Школьные годы — страница 45 из 70

— Вот раньше и надо было умом пораскинуть, а то мыслишки у тебя коротенькие, как у Буратино. Напакостил ты Александру Александровичу изрядно и всей нашей бригаде, но теперь ничего уж не поделаешь.

— Не поделаешь… — согласился Миша.

— А ты воздерживайся от подобных вещей, — посоветовал Саша.

— Постараюсь воздерживаться, — покорно согласился Миша и честно добавил: — Если смогу.

— «Если смогу»! Тоже комсомолец! Билет-то не стыдно в кармане носить?

Миша промолчал.

— Ну ладно.

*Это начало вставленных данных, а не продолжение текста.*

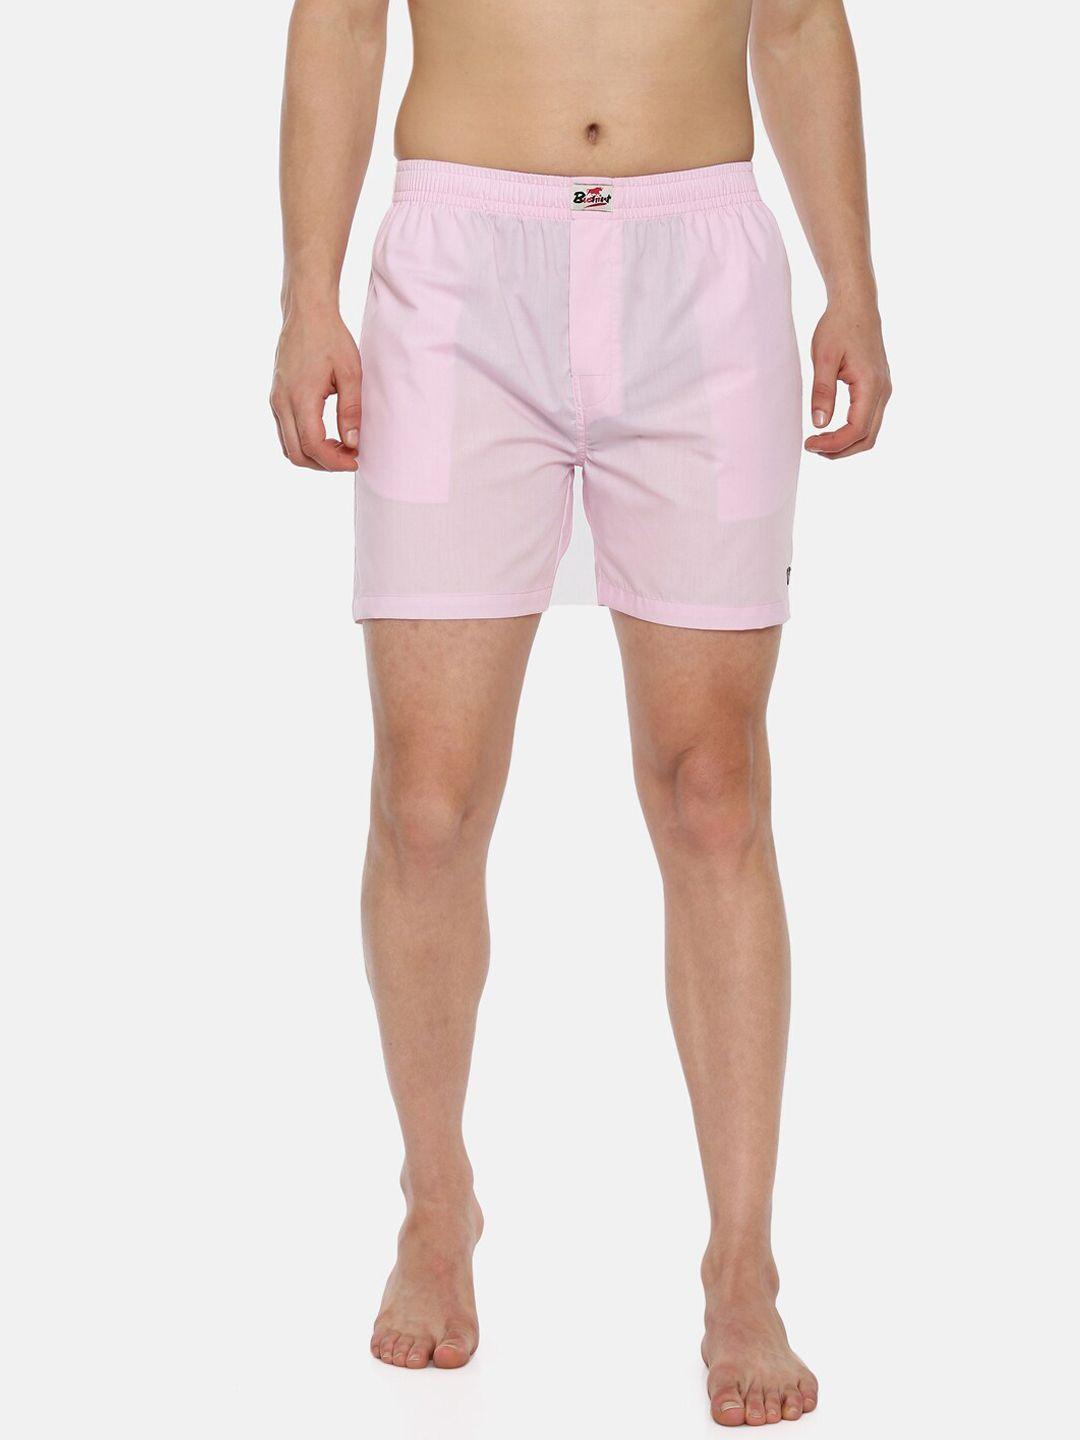 bushirt men pink solid pure cotton boxers

Пора по домам, — сказал Саша и встал со скамейки.

Миша быстро исчез в темноте, а Саша в раздумье остановился у ворот.

«А как же Александр Александрович? Неужели это правда? Если он слышал все то, что говорила Алевтина Илларионовна, он может уйти из школы!»

Эти мысли не давали покоя. Хотелось посоветоваться со Стешей. Он дошел до угла и пересек небольшой пустырь, ведущий к переулку, где стоял Стешин дом.

В окнах не было света, но в открытой калитке белело чье-то платье.

— Стеша! — радостно крикнул Саша, и сердце его забилось.

Никто не ответил.

Он приблизился к дому и увидел Людмилу Николаевну. В темноте можно было уйти незамеченным, но это было не в Сашином характере.

— Здравствуйте, Людмила Николаевна! — сказал он. — Я думал, это Стеша.

— Стеша спит, — неприветливо сказала Людмила Николаевна. — А тебе я советую не шляться по ночам и вообще забыть дорогу к нашему дому.

И она ушла, хлопнув калиткой.

«ТЫ МОЖЕШЬ ПОВТОРИТЬ?»

Любые неприятности или забываются совсем, или кажутся незначительными, как только переступишь порог родной школы. Какое: там — переступишь порог! Не успеешь увидеть издали знакомое здание, куда привела тебя мама лет десять назад, как горести от тебя отходят. Где уж тут печалиться, когда со всех сторон к школе бегут такие же, как ты, ребята, твои друзья, увлеченные школьными делами, радостями и заботами!

Саша вошел во двор школы, и вчерашнее смятение, испытанное у дома Стеши, сразу же в нем улеглось. «Буду встречаться с ней в школе, позову к себе домой. К ним больше не пойду». Он с ожесточением пнул подкатившийся к его ногам футбольный мяч. Мяч взвился вверх и, ко всеобщему восторгу ребят, скрылся в открытом окне учительской.

Дружный хохот раздался во дворе, но тотчас же и смолк. В окне показалась рассерженная Алевтина Илларионовна. В одной руке она держала злополучный мяч, в другой — книгу.

— Кто это сделал? — прерывающимся: от негодования голосом спросила она.

— Я, — сказал Саша. — Простите, пожалуйста!

— Он нечаянно! — зашумели ребята. — Он и не играл с нами.

— Без защитников! — возвысила голос Алевтина Илларионовна. — Коновалов! Пойди сюда.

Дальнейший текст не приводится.